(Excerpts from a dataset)
>>

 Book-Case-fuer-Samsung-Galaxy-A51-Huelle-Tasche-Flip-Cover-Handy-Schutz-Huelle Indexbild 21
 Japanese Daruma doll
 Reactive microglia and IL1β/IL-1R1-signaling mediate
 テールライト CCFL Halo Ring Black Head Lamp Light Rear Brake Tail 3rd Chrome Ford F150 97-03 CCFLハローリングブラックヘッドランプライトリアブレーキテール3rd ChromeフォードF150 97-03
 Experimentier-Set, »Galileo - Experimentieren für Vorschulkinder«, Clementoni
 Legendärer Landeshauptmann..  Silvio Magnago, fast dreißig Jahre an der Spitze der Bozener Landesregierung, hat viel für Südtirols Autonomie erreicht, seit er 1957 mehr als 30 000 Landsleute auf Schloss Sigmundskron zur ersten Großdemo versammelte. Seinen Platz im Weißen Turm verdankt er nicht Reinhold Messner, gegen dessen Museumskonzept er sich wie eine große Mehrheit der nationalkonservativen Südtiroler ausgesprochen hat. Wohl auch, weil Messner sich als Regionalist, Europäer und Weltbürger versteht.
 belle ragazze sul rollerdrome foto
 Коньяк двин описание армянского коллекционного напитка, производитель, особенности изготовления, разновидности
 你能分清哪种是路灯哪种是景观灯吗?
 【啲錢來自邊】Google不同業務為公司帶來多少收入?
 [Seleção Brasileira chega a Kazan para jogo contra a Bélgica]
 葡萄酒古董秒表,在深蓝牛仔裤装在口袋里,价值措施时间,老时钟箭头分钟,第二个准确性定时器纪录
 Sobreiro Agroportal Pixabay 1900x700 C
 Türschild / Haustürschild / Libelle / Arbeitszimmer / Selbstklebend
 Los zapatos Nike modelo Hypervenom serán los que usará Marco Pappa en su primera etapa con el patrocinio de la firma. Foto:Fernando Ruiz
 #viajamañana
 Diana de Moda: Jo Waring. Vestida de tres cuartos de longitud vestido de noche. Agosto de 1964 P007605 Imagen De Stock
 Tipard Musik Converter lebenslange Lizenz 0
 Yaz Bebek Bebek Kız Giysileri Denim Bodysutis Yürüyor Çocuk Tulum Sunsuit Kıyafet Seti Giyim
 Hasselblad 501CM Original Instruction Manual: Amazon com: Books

<<

> Activity
What is wanted is every line from the first line of the entries through the line that contains "- Experimentieren für", given again exactly.

> Reply
 Book-Case-fuer-Samsung-Galaxy-A51-Huelle-Tasche-Flip-Cover-Handy-Schutz-Huelle Indexbild 21
 Japanese Daruma doll
 Reactive microglia and IL1β/IL-1R1-signaling mediate
 テールライト CCFL Halo Ring Black Head Lamp Light Rear Brake Tail 3rd Chrome Ford F150 97-03 CCFLハローリングブラックヘッドランプライトリアブレーキテール3rd ChromeフォードF150 97-03
 Experimentier-Set, »Galileo - Experimentieren für Vorschulkinder«, Clementoni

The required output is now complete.